Rayyan terdiam lama sebelum akhirnya menjawab, "Kamu nggak harus percaya omongan aku, Nay. Tapi aku bisa tunjukin semua isi ponselku kalau itu bikin kamu yakin."
Aku menatapnya lama, mencoba mencari kejujuran di matanya.
Rayyan menyerahkan ponselnya tanpa ragu. Aku memeriksa percakapannya, dan benar saja---tidak ada pesan dari Aiza.
"Lihat, aku nggak main-main sama kamu," katanya, suaranya terdengar tulus.
Aku mengembalikan ponselnya dengan perasaan campur aduk. "Aku cuma nggak mau jadi alasan orang lain sakit hati, Ray. Aku nggak mau jadi pengganti."
"Kamu bukan pengganti, Nay," ucapnya pelan. "Aku sama kamu karena aku peduli. Kalau aku masih mikirin dia, aku nggak bakal ada di sini."
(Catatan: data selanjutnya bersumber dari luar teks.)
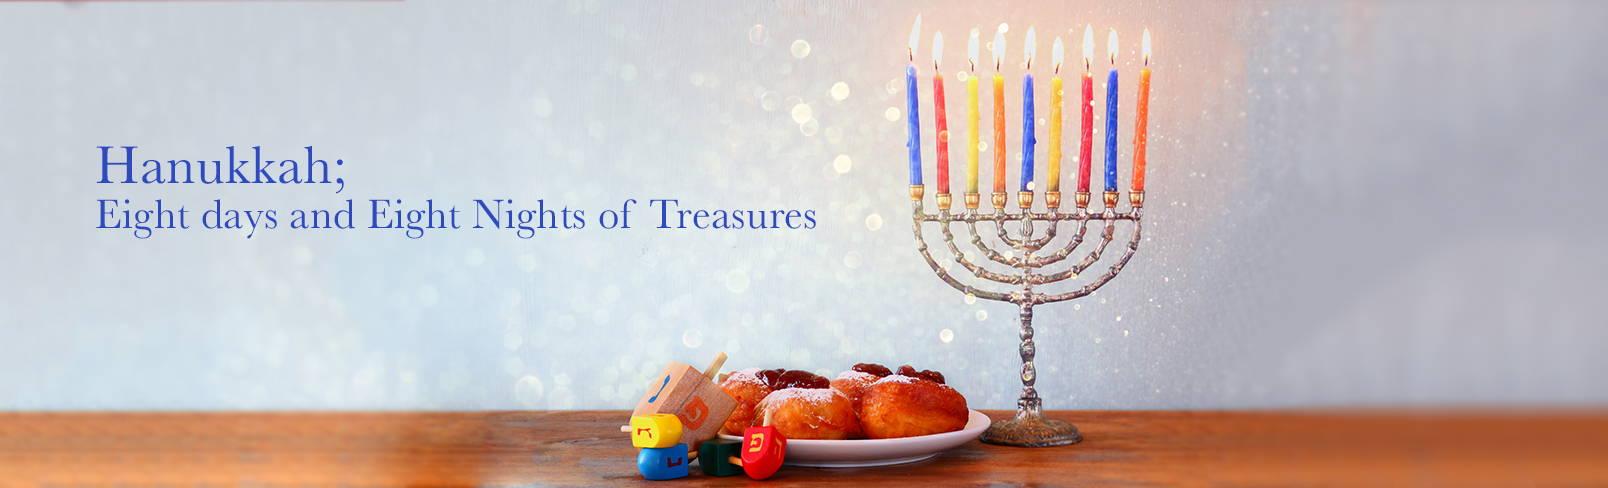 High Quality Organics Express Hanukkah menorah with donuts and dreidel

Butuh beberapa hari bagiku untuk memproses semuanya. Tapi akhirnya, aku memilih untuk percaya. Aku tahu hubungan kami tidak akan selalu mudah, tapi aku ingin memberinya kesempatan---kesempatan untuk menunjukkan bahwa aku lebih dari sekadar pelarian.
Hari-hari setelah insiden itu berjalan dengan penuh ketegangan. Aku dan Rayyan jarang berbicara, meskipun kami tetap duduk berdekatan di kelas. Ada rasa canggung yang mengalir di antara kami, seolah-olah sebuah dinding tak terlihat menghalangi komunikasi kami yang dulu begitu mudah. Namun, dalam hatiku, aku tahu aku perlu mengambil keputusan.
Aku memutuskan untuk tidak melanjutkan hidup dalam keraguan. Aku ingin tahu, apakah perasaan Rayyan kepadaku benar-benar tulus, atau apakah aku hanya bagian dari masa lalunya yang belum bisa dia lupakan.
Pada suatu sore, saat kami berdua duduk di taman sekolah, aku memulai percakapan itu. "Ray, aku tahu kita nggak bisa terus seperti ini. Aku butuh kepastian."
Rayyan menatapku dengan ekspresi serius, seolah menunggu aku melanjutkan.